Fairly petty. As I was headed to the gym this morning, I noticed a woman in the parking garage on crutches. So I did the polite thing and held the doors for her (two sets of doors). Not only did she not bother to say "thank you", she didn't acknowledge me in any way whatsoever. Didn't even look at me. It was like I was invisible to her.
Every year, my friends and I go to this sugar shack about 45 minutes from here, in the Hill Towns. They make their own maple syrup and are only open for the sugaring season for this yummy pancake buffet. I just saw on FB that my friends went without me today.
Adult Swim pre-empted some of their programming last night in order to show one episode of Rick and Morty over and over again as an April Fools joke. So now I have to wait until a Wednesday night rerun to see the new Samurai Jack episode.

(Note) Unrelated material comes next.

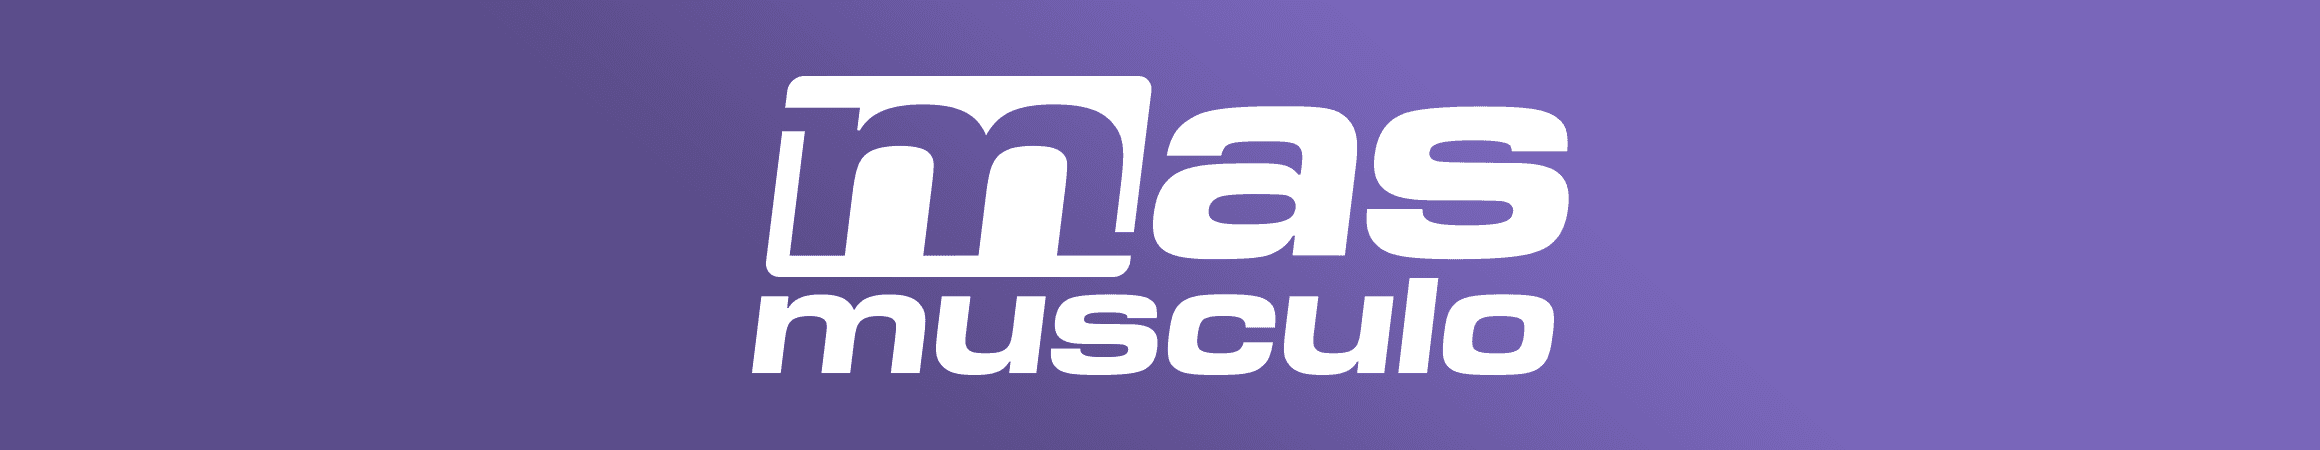 MASmusculo

Why, if I tell you to use my landline to reach me, and give you the number, would you call my cellphone?I usually have my cellphone on silent and tucked off in my purse. I never use it at home. The other day, I took out my phone to charge it and saw that I had a voicemail from someone I know. I called him back, and left a message telling him that I rarely use my cellphone and that the best thing to do was to call my landline. I left the number. I told him when I'd be home.Just now, I saw that he'd called twice today . . . to my cell #.This is not a stupid man. He practiced law. He was counsel to a big foundation. He's president of an important organization. But apparently he can't follow directions.Oh, and to top it off? When I finally reached him, he said that he thought most people used their cell phones. Well, that may be so, but I told you that wasn't true for me. He then told me that his cell phone is always off.